Learning Rate Schedule Visualization

Warmup (0-20%) followed by cosine decay (20%-100%):

▓ Warmup Phase ▓ Cosine Decay ▓ Minimum LR

Other Schedules

Schedule	Formula	Best For
Linear Decay	lr = base × (1 - step/max_steps)	Simple baselines
Polynomial	lr = base × (1 - step/max_steps)^p	Smoother decay
Inverse Sqrt	lr = base × sqrt(warmup/step)	Original Transformer
Constant + Cooldown	Flat then linear drop	Fine-tuning

Optimizer Deep Dive

Adam vs AdamW

AdamW decouples weight decay from gradient updates, leading to better generalization:

# Adam (L2 regularization - coupled)
# weight_decay affects both the gradient AND the adaptive learning rate

# AdamW (decoupled weight decay)
# weight_decay only affects the parameter directly
# This leads to better regularization

optimizer = torch.optim.AdamW(
    model.parameters(),
    lr=1e-4,
    betas=(0.9, 0.95),      # β1: momentum, β2: variance
    eps=1e-8,               # Numerical stability
    weight_decay=0.1        # Decoupled L2 regularization
)
      

        Why AdamW? In standard Adam, L2 regularization gets multiplied by the adaptive learning rate (1/√v), which varies per parameter. AdamW applies weight decay directly to parameters, providing more consistent regularization across all parameters.
      

Hyperparameter Choices

β1 (First Moment Decay)

Controls momentum. Typical values: 0.9 to 0.99. Higher values smooth updates more.

β2 (Second Moment Decay)

Controls adaptive learning rate. Typical values: 0.95 to 0.999. Lower values adapt faster to recent gradients.

ε (Epsilon)

Numerical stability term. Usually 1e-8. Prevents division by zero.

Modern Variants

Optimizer	Key Feature	When to Use
AdamW	Decoupled weight decay	Standard choice for transformers
Lion	Sign-based, lower memory	Memory-constrained training
Adafactor	Factorized second moments	Very large models
8-bit Adam	Quantized optimizer states	Memory optimization

Gradient Clipping

Essential for training stability. Prevents exploding gradients from destabilizing training:

# Gradient clipping by norm
max_grad_norm = 1.0

# After backward pass, before optimizer step
torch.nn.utils.clip_grad_norm_(model.parameters(), max_grad_norm)

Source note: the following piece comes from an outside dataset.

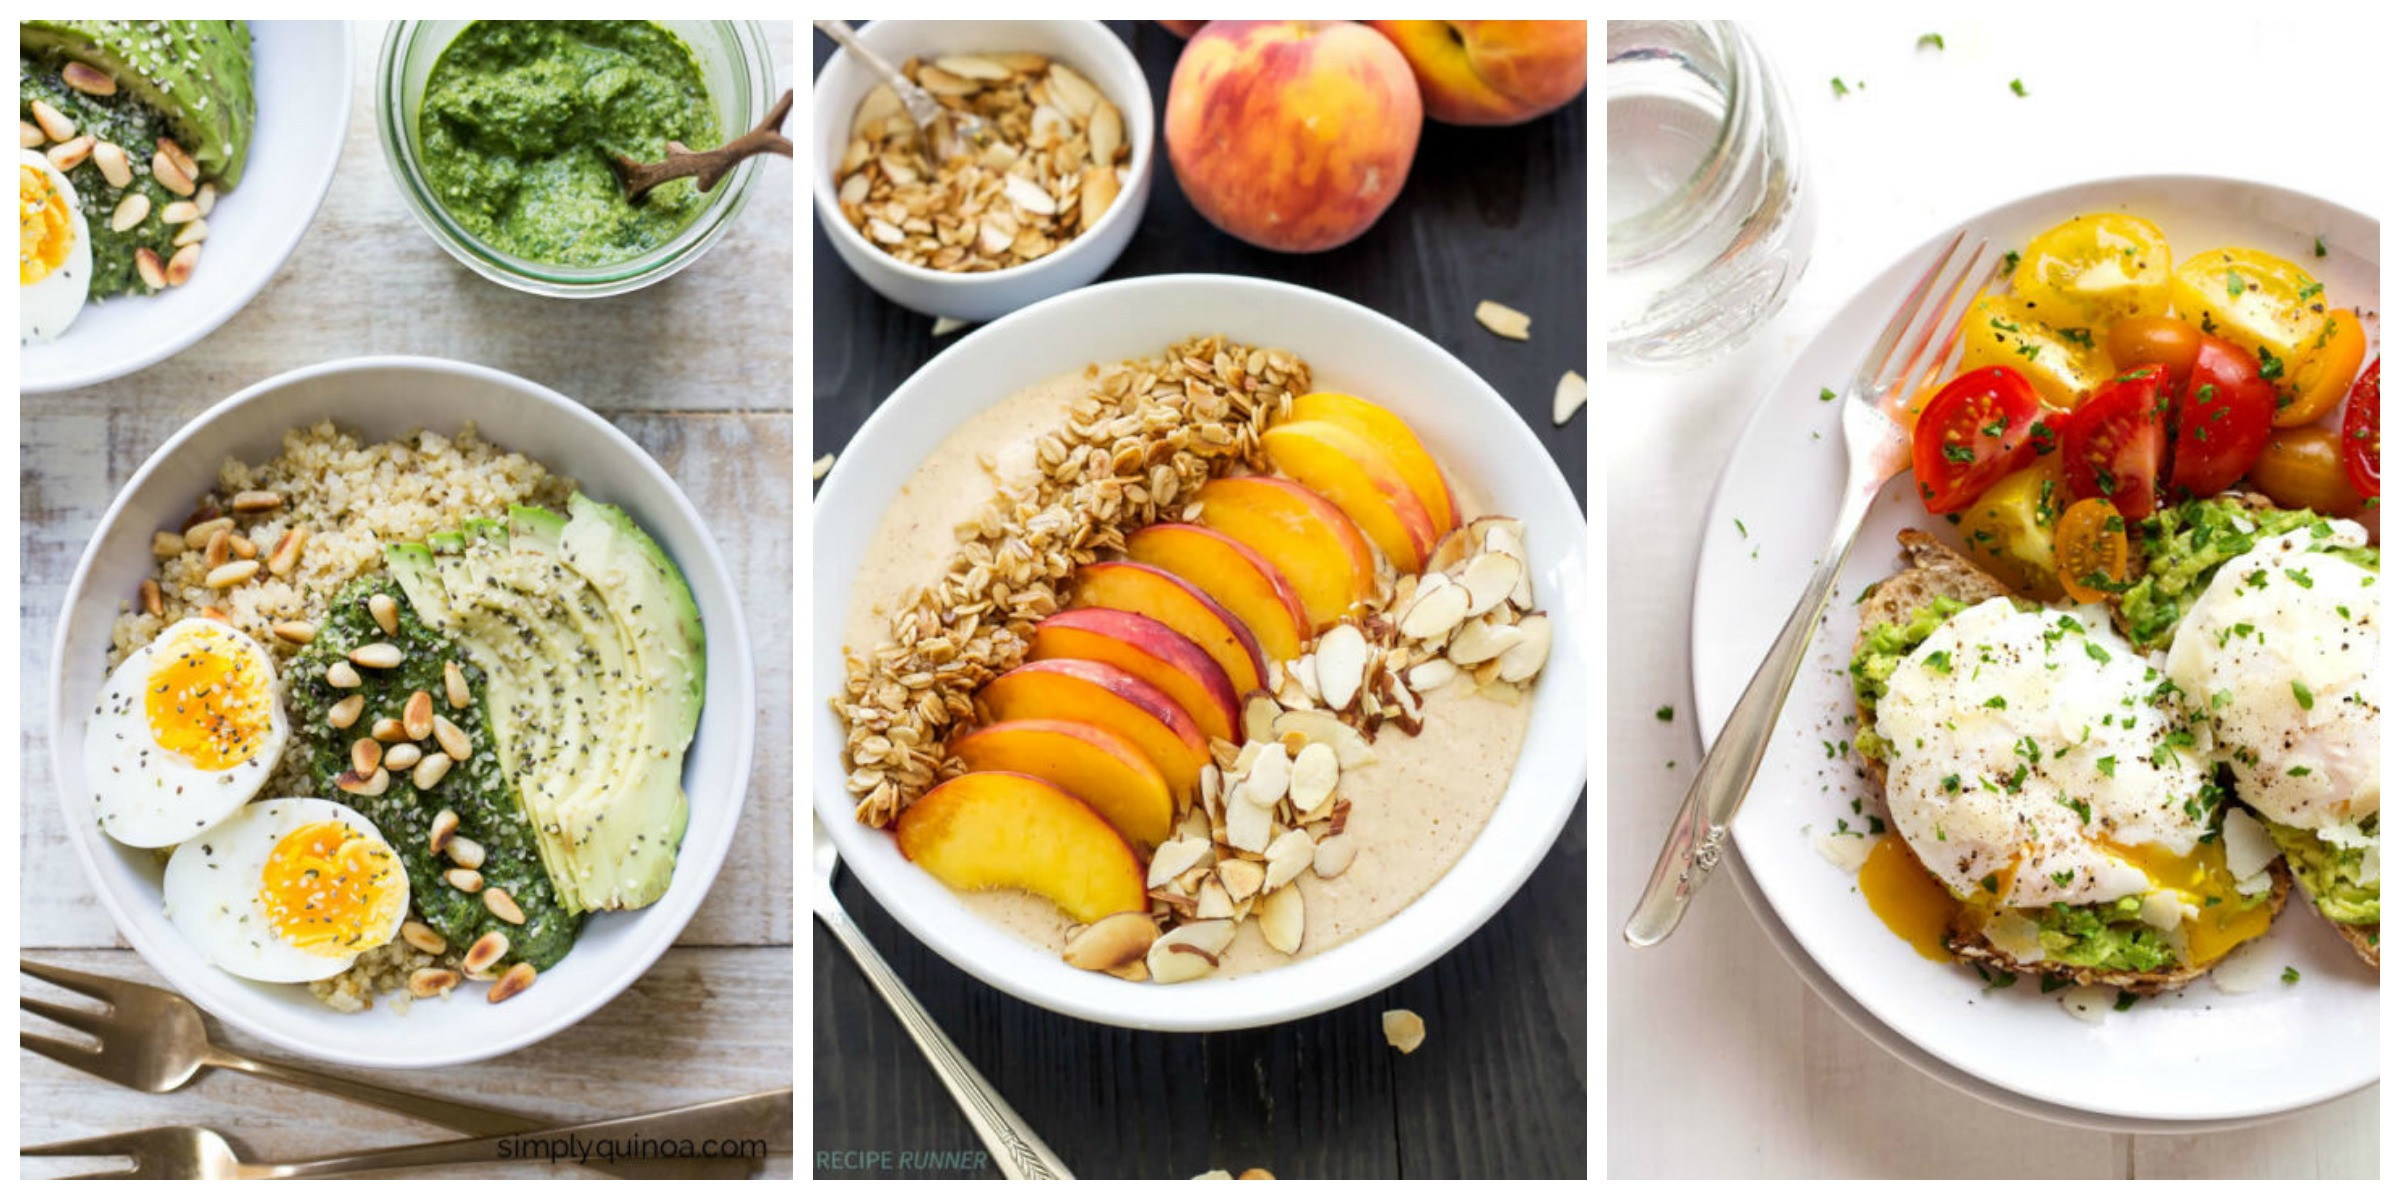 Healthy Breakfast Items  20 Best Healthy Breakfast Food Ideas Recipes for Healthy

# Alternative: clip by value (less common)
torch.nn.utils.clip_grad_value_(model.parameters(), clip_value=1.0)
      

Best Practice: Always use gradient clipping when training transformers. A max_norm of 1.0 is a good starting point. Monitor gradient norms during training—they should stabilize, not grow indefinitely.

Monitoring Gradient Norms

# Track gradient norms for debugging
from torch.utils.tensorboard import SummaryWriter
writer = SummaryWriter()

for step, batch in enumerate(dataloader):
    loss = model(batch)
    loss.backward()
    
    # Calculate gradient norm before clipping
    total_norm = 0
    for p in model.parameters():
        if p.grad is not None:
            total_norm += p.grad.data.norm(2).item() ** 2
    total_norm = total_norm ** 0.5
    
    writer.add_scalar('grad_norm/before_clip', total_norm, step)
    
    torch.nn.utils.clip_grad_norm_(model.parameters(), max_grad_norm)
    optimizer.step()
    optimizer.zero_grad()
      

Mixed Precision Training

Using FP16 or BF16 reduces memory and speeds up training on modern GPUs:

from torch.cuda.amp import autocast, GradScaler

# Initialize gradient scaler for loss scaling
scaler = GradScaler()

for batch in dataloader:
    optimizer.zero_grad()
    
    # Forward pass in mixed precision
    with autocast(device_type='cuda', dtype=torch.float16):
        outputs = model(batch.input_ids)
        loss = criterion(outputs, batch.labels)
    
    # Backward pass with scaling
    scaler.scale(loss).backward()
    
    # Gradient clipping (unscale first)
    scaler.unscale_(optimizer)
    torch.nn.utils.clip_grad_norm_(model.parameters(), max_grad_norm)
    
    # Optimizer step with scaling
    scaler.step(optimizer)
    scaler.update()
      

        BF16 vs FP16: BF16 (Brain Float 16) has the same range as FP32 but less precision. It's more stable than FP16 and doesn't require loss scaling. Use BF16 when available (Ampere GPUs and newer).
      

Distributed Training Basics

Data Parallelism (DDP)

Each GPU processes a different batch, gradients are averaged:

import torch
import torch.distributed as dist
from torch.nn.parallel import DistributedDataParallel as DDP

# Initialize process group
dist.init_process_group(backend='nccl')

# Create model and wrap with DDP
model = MyTransformer(...).to(local_rank)
model = DDP(model, device_ids=[local_rank])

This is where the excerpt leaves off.